AssistantBench: Can Web Agents Solve Realistic and Time-Consuming Tasks?
This work addresses the challenge of assessing web agents for practical applications like real-estate monitoring, but it is incremental as it builds on existing benchmarks and methods.
The authors tackled the problem of evaluating language agents on realistic, time-consuming web tasks by introducing AssistantBench, a benchmark of 214 tasks, and found that current systems, including state-of-the-art web agents, perform poorly with no model exceeding 26% accuracy, while their new SeePlanAct agent significantly outperforms previous ones.
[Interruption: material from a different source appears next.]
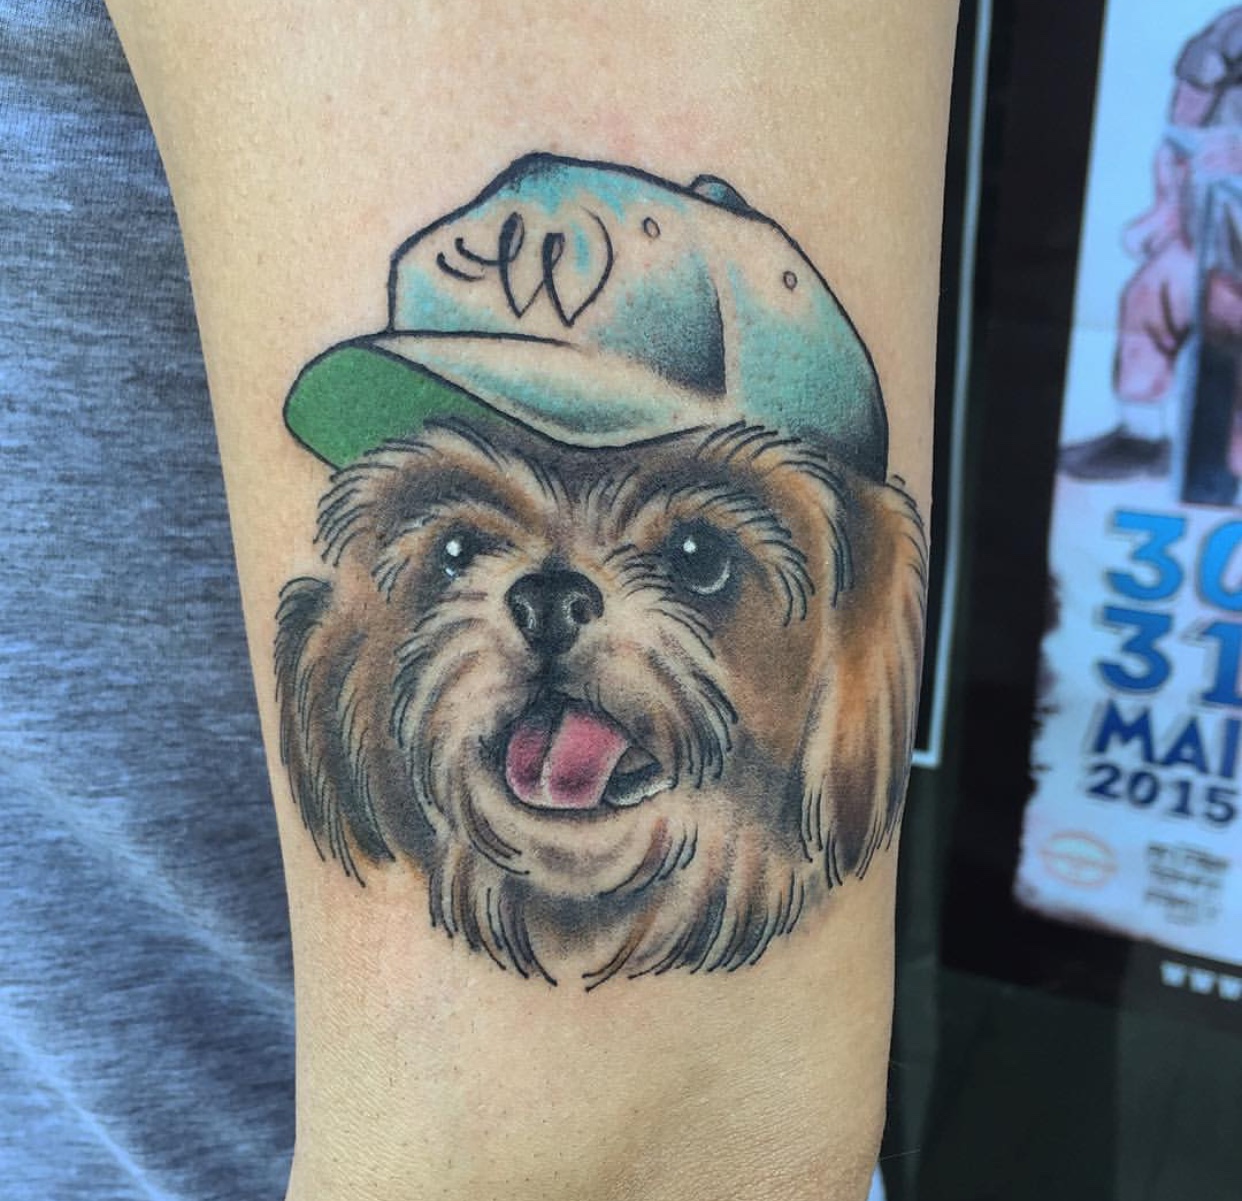 Shih Tzu wearing a cap on its head tattoo on the forearm

Language agents, built on top of language models (LMs), are systems that can interact with complex environments, such as the open web. In this work, we examine whether such agents can perform realistic and time-consuming tasks on the web, e.g., monitoring real-estate markets or locating relevant nearby businesses. We introduce AssistantBench, a challenging new benchmark consisting of 214 realistic tasks that can be automatically evaluated, covering different scenarios and domains. We find that AssistantBench exposes the limitations of current systems, including language models and retrieval-augmented language models, as no model reaches an accuracy of more than 26 points. While closed-book LMs perform well in terms of accuracy, they exhibit low precision and tend to hallucinate facts. State-of-the-art web agents reach a score of near zero. Additionally, we introduce SeePlanAct (SPA), a new web agent that significantly outperforms previous agents, and an ensemble of SPA and closed-book models reaches the best overall performance. Moreover, we analyze failures of current systems and highlight that open web navigation remains a major challenge.